• Prompt
No record may be omitted; give all of them again exactly.

• Extracted records
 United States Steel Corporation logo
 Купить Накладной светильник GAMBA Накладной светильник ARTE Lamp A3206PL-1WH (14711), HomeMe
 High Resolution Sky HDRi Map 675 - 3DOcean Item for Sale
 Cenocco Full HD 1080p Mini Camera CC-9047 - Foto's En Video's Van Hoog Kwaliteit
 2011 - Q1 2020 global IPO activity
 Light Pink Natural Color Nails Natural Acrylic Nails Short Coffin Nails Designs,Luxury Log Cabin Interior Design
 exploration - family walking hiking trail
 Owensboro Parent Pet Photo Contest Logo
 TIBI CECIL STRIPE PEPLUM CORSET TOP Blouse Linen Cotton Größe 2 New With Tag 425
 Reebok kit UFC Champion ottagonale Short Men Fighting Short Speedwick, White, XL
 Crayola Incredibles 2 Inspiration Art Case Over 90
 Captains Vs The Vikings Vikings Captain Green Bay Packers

• Exercise response
 United States Steel Corporation logo
 Купить Накладной светильник GAMBA Накладной светильник ARTE Lamp A3206PL-1WH (14711), HomeMe
 High Resolution Sky HDRi Map 675 - 3DOcean Item for Sale
 Cenocco Full HD 1080p Mini Camera CC-9047 - Foto's En Video's Van Hoog Kwaliteit
 2011 - Q1 2020 global IPO activity
 Light Pink Natural Color Nails Natural Acrylic Nails Short Coffin Nails Designs,Luxury Log Cabin Interior Design
 exploration - family walking hiking trail
 Owensboro Parent Pet Photo Contest Logo
 TIBI CECIL STRIPE PEPLUM CORSET TOP Blouse Linen Cotton Größe 2 New With Tag 425
 Reebok kit UFC Champion ottagonale Short Men Fighting Short Speedwick, White, XL
 Crayola Incredibles 2 Inspiration Art Case Over 90
 Captains Vs The Vikings Vikings Captain Green Bay Packers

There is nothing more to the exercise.